I had kind of planned to say a few things about the Sarin shell in Iraq, which contained the fairly staggering quantity of four liters of the stuff; but it turns out that Bravo Romeo Delta, one of the good folks over at Anticipatory Retaliation, and who is a much better writer on munitions than I am, has already said it better. A single four-liter Sarin artillery shell could kill 10,000 people if the agents fully mixed and dispersed, making it unquestionably a WMD. That two agents in separate chambers of the same shell would have to mix in order to produce Sarin, and they were mostly drained without mixing them, is what resulted in our soldiers being exposed only to traces of Sarin, rather than a whole lot of it. As I understand it, simply detonating the shell (rather than launching it ballistically and dropping it from great height) wouldn't likely mix and disperse the gas effectively anyway, so the roadside bomb had no real chance of creating a cloud of aeresolized Sarin.

That only a trace of Sarin came out of the shell and the rest was Sarin precursors doesn't change a bit that this was a chemical weapon which was designed, built, owned, and--evidently, since Hans Blix didn't find it--hidden by Saddam in the runup to the war. Don't forget about the MiG-25 Foxbat which Saddam had had buried in the desert, and which took us five months after the fall of Saddam to find. Little containers of highly nasty stuff will not be easy to find, even if it hasn't been moved to Syria.

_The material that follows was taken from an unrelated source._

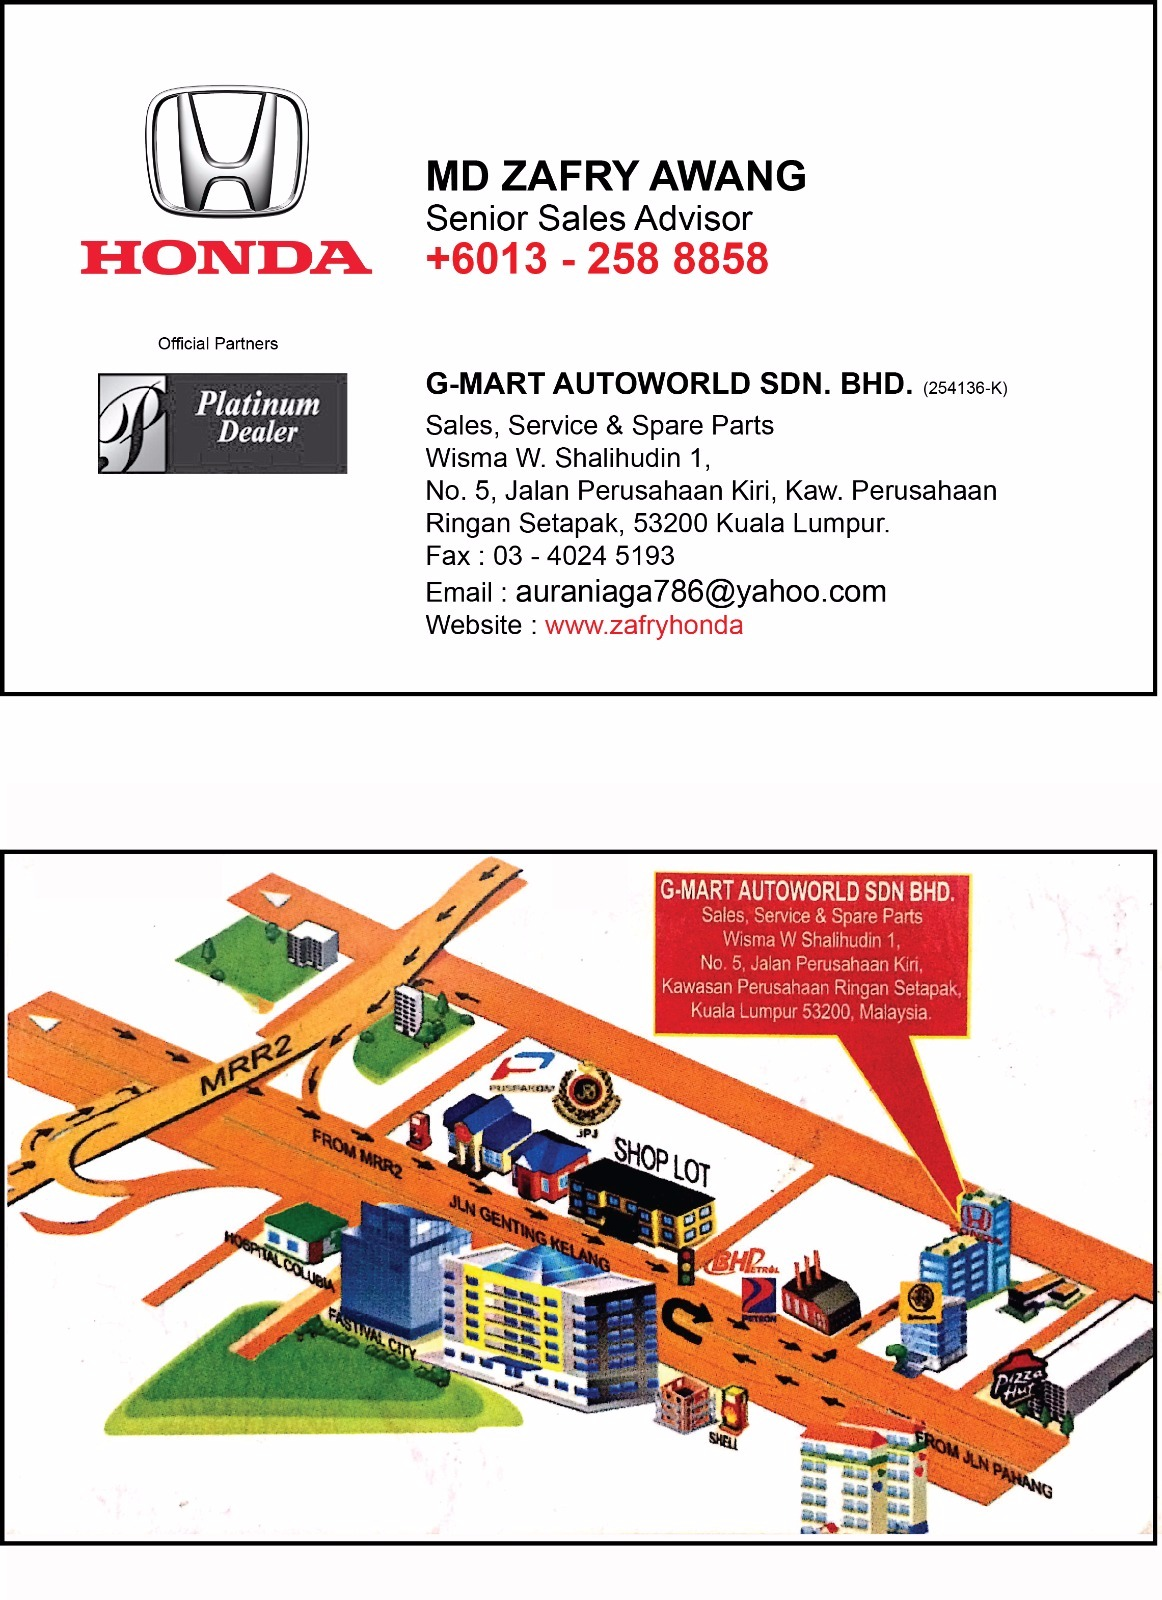 honda malaysia promotion riang ria raya    info  zafryhonda contact

So instead of talking about Sarin, I instead ask: when was the last time John Kerry said anything bad about how many jobs we've lost under This President? I braved the trolls long enough to wade through the Official John Kerry For President Blog, and find the category on policy remarks. There I found that in fact Kerry last referenced jobs in a way that his blog thought important enough to report on 5/7/2004--quite a change of pace from only a couple of months ago when jobs were literally an everyday complaint of his. The 5/7/2004 remarks are almost ironic, coinciding as they did with the release of an excellent labor report which showed an increase of 288,000 jobs (after big gains the two previous months as well). I did notice that he has now again, in this blog entry entitled "Jobs Up, but the Middle Class Squeeze Continues," repeated the quite fallacious claim that we are "still in the worst job recovery since the Great Depression, with 2.2 million private-sector jobs lost in the Bush presidency."

This 2.2 million jobs claim hasn't been true for months and was always more than just a little bit spurious. Let's just spend a minute to bring our facts up to date.

In December 2000 (just days before Bush took office), Total Nonagricultural Employment according to the payrolls survey was 131,878,000. (The original release of the data in the December 2000 report showed employment higher than that, but it was subsequently revised down.) As of the release of the report on 5/7/2004 which triggered Kerry's above-quoted tantrum, Total Nonagricultural Employment was 130,902,000. This is a reduction of 976,000; not 2.2 million. There's lots that could be said about interpreting what the 976,000 figure really means, but at least using the correct numbers when commenting on employment data would lend some credibility, not to say honesty, to Kerry's statement.

Though I haven't personally heard Kerry say anything foolish about jobs lately, I have had a number of opportunities to hear him whinge about gas prices. This business of the price of gas is also a fascinating subject, one which I will have (lo!) more to say about tomorrow or Friday.